» WHAT YOU WILL DO
Will you output all of the data below exactly, omitting the images?

#### DATA SHOWN ####

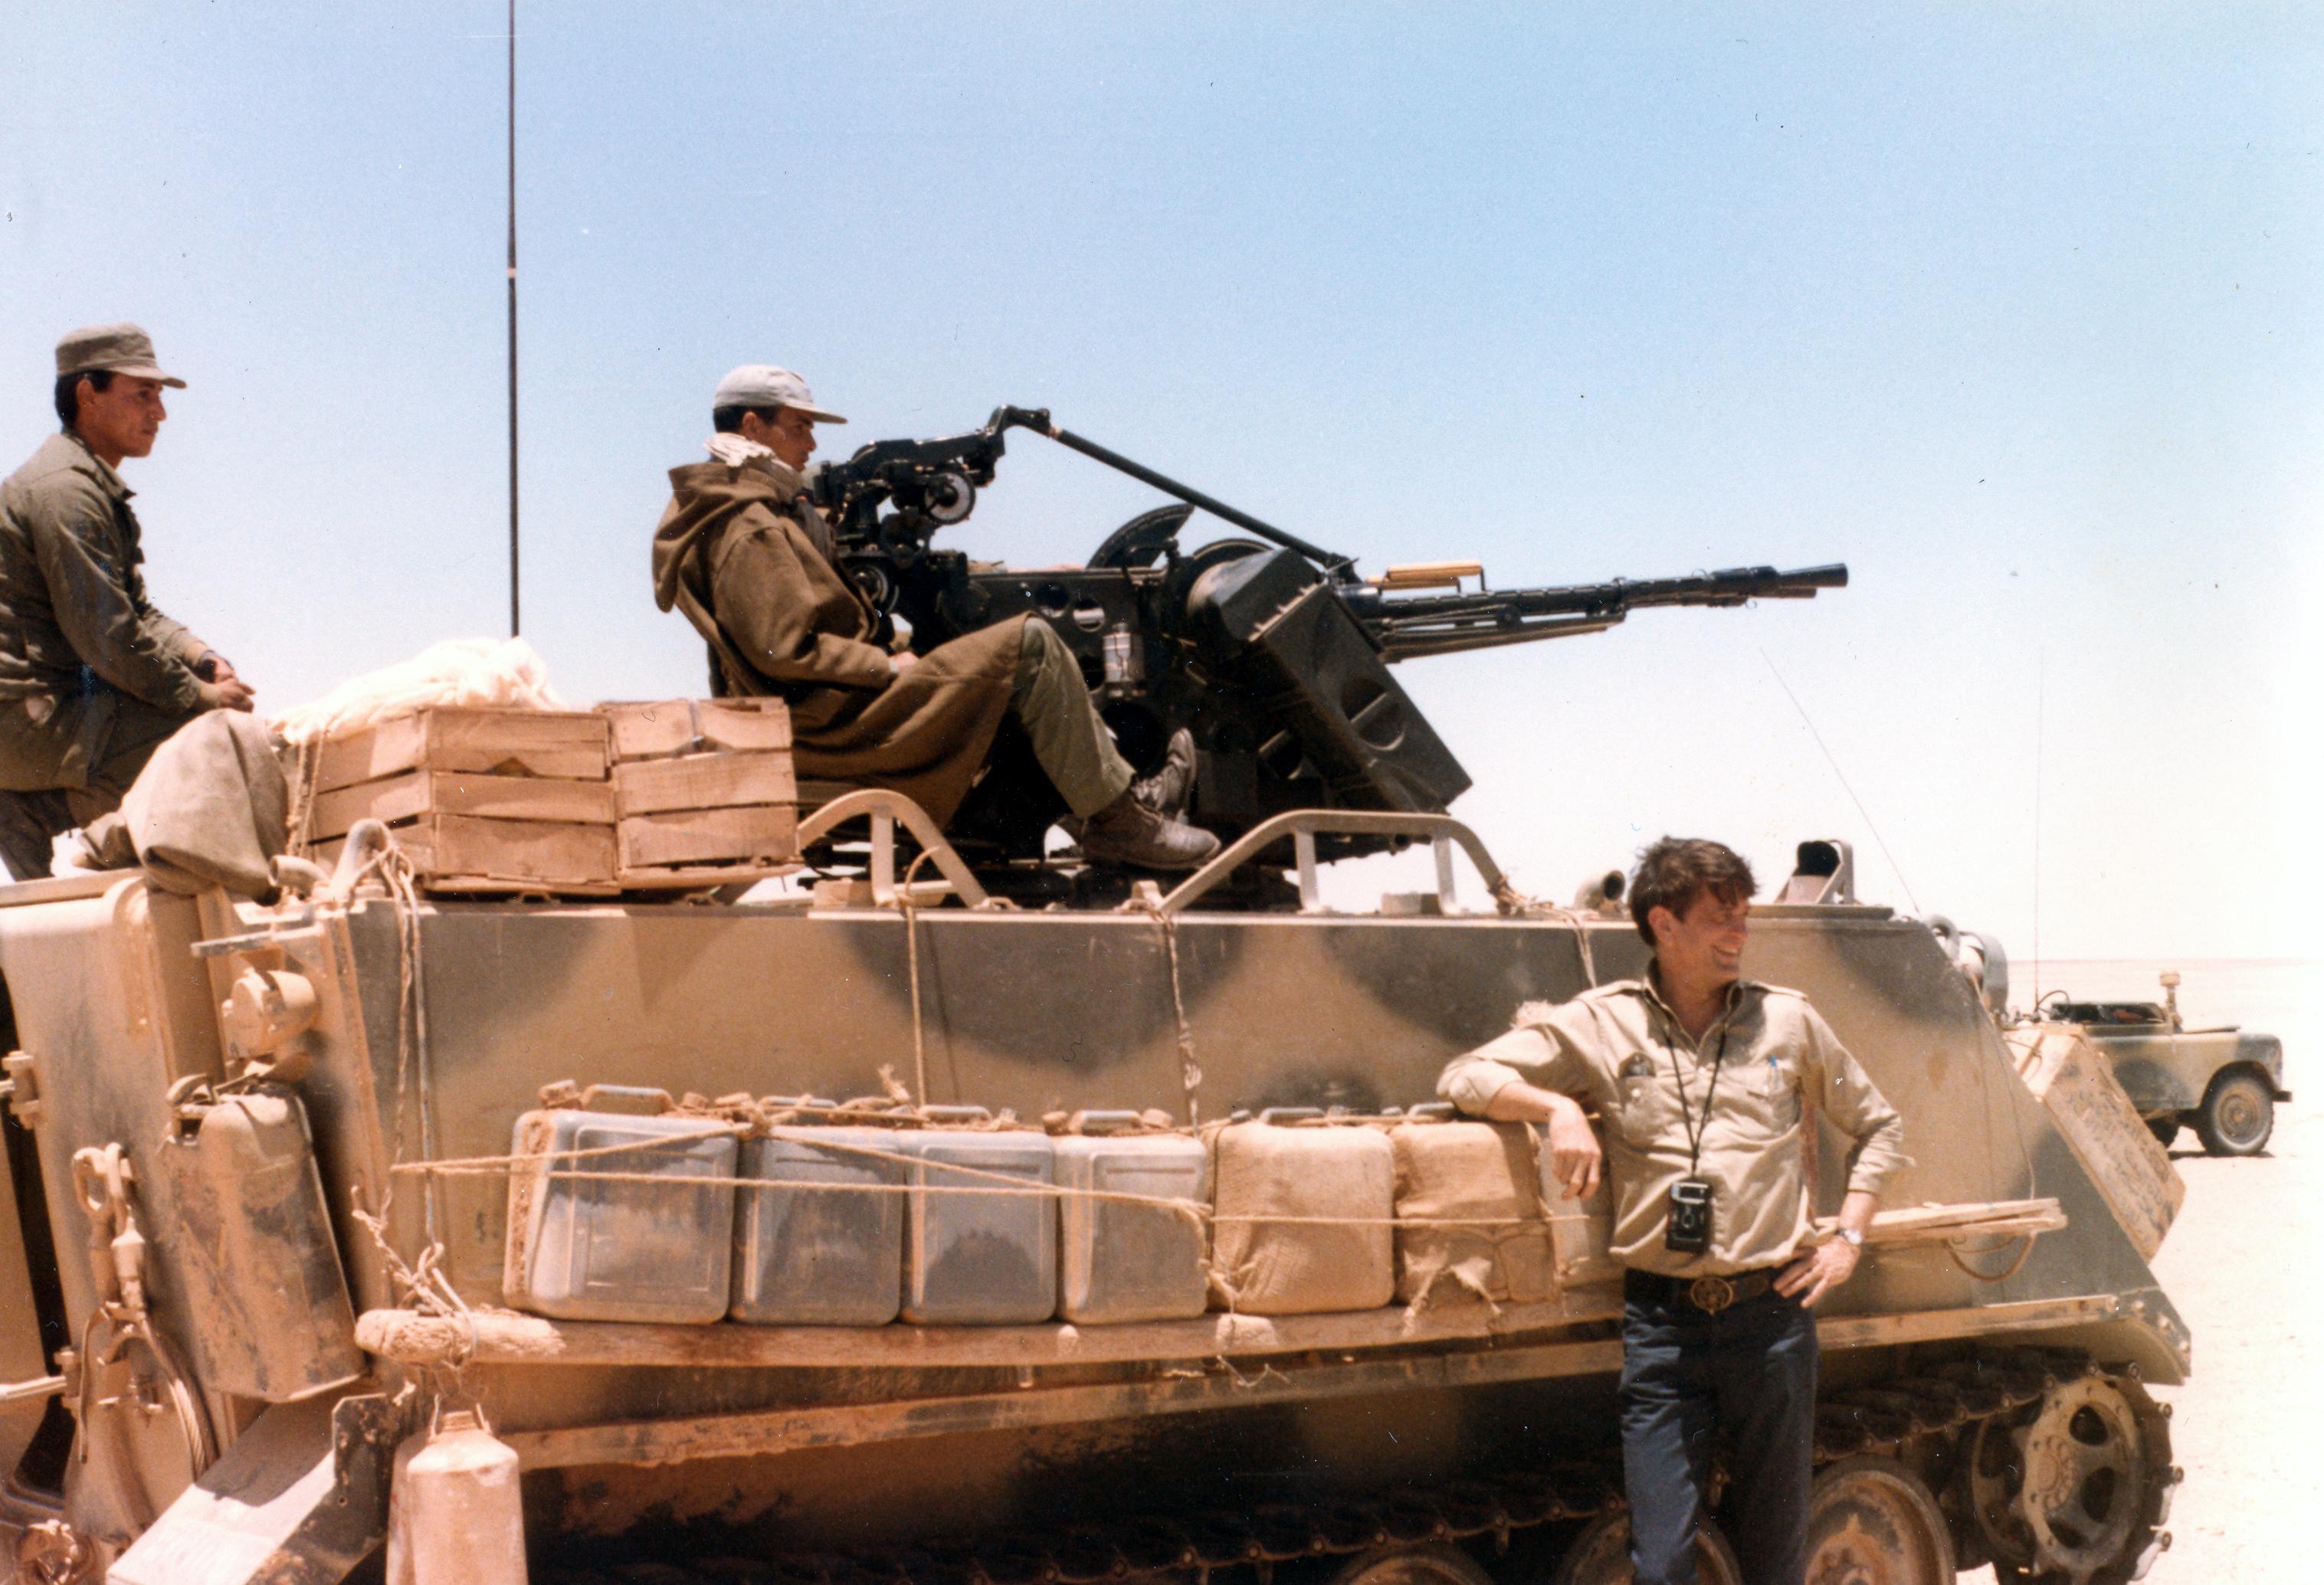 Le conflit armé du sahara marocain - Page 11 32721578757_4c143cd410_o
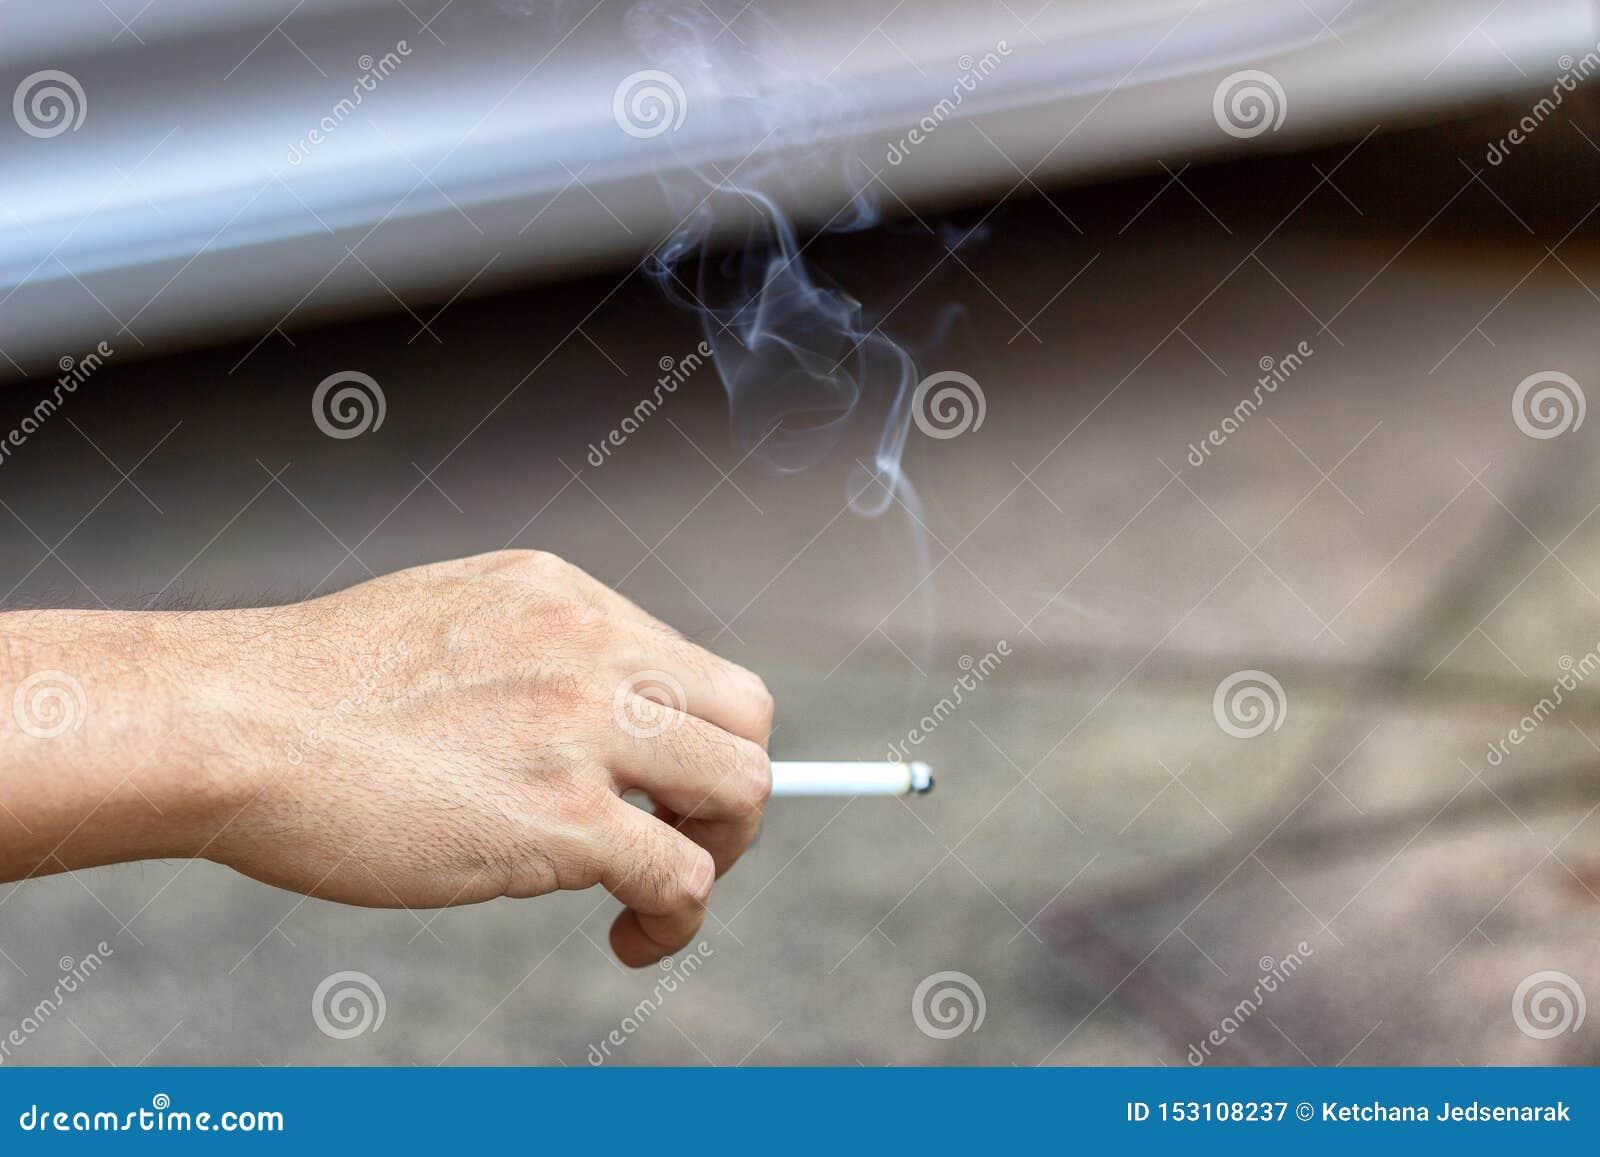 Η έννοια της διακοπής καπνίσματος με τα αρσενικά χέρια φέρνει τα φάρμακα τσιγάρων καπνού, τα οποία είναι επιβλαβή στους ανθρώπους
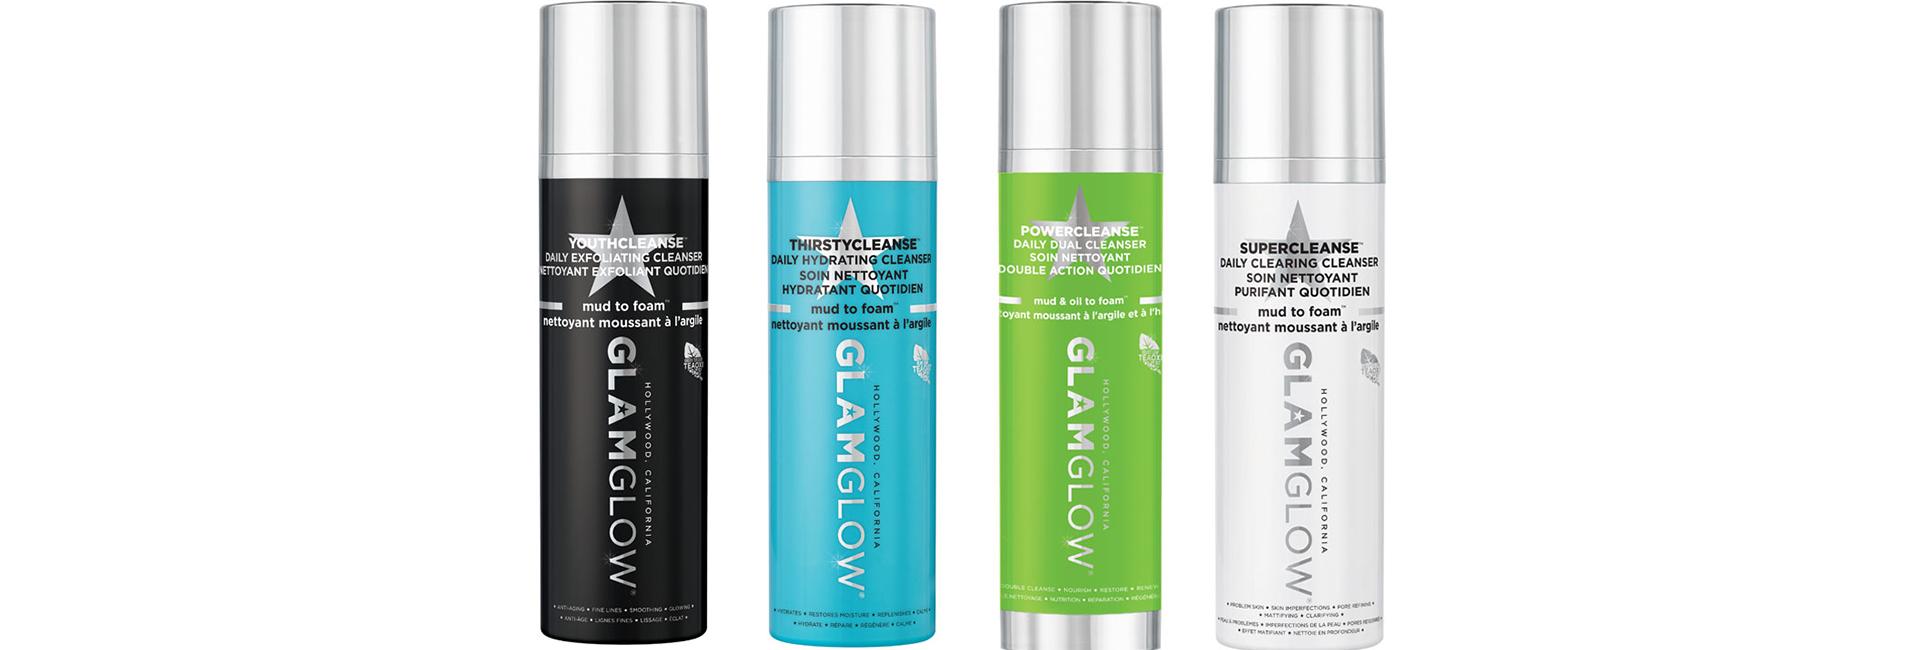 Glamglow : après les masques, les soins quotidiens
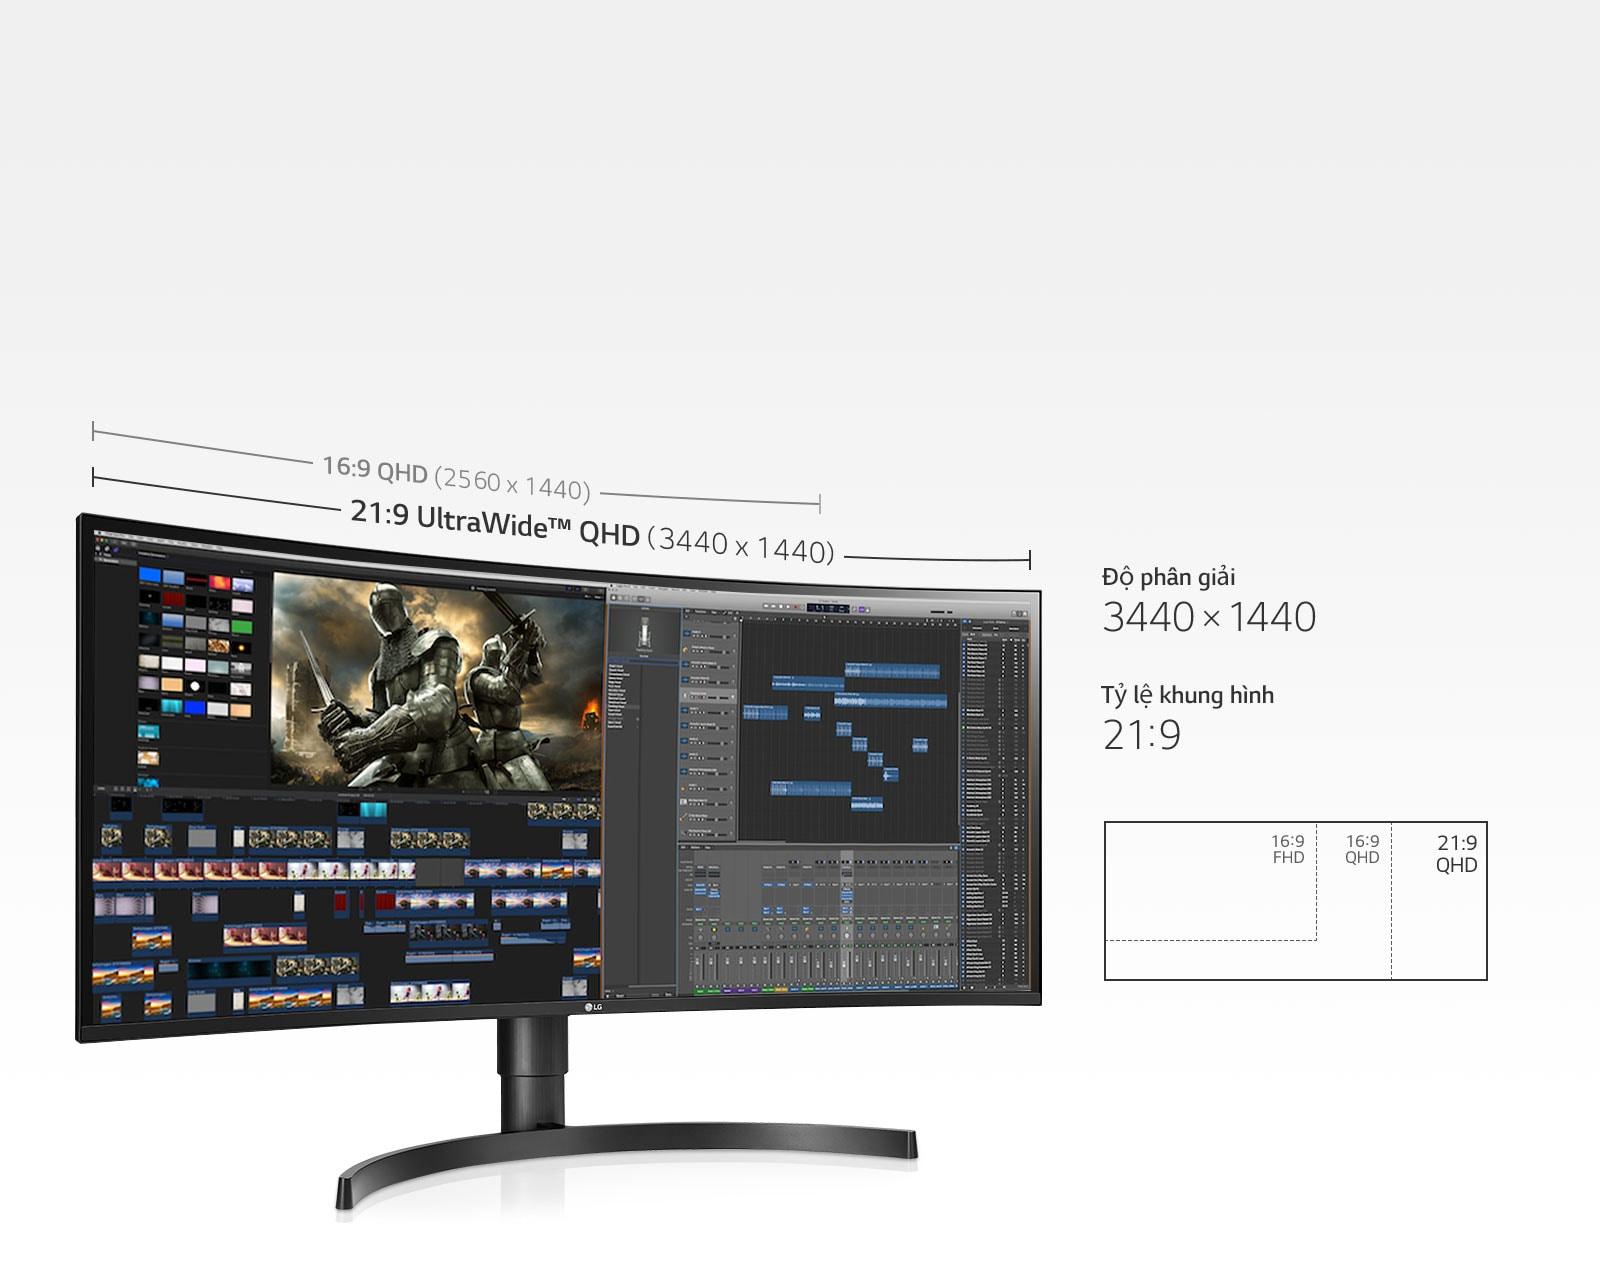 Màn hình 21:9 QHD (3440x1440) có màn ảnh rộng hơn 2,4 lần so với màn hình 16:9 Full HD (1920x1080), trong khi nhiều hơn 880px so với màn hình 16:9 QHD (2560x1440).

####

» RESULT FOR THIS TASK
 Le conflit armé du sahara marocain - Page 11 32721578757_4c143cd410_o
 Η έννοια της διακοπής καπνίσματος με τα αρσενικά χέρια φέρνει τα φάρμακα τσιγάρων καπνού, τα οποία είναι επιβλαβή στους ανθρώπους
 Glamglow : après les masques, les soins quotidiens
 Màn hình 21:9 QHD (3440x1440) có màn ảnh rộng hơn 2,4 lần so với màn hình 16:9 Full HD (1920x1080), trong khi nhiều hơn 880px so với màn hình 16:9 QHD (2560x1440).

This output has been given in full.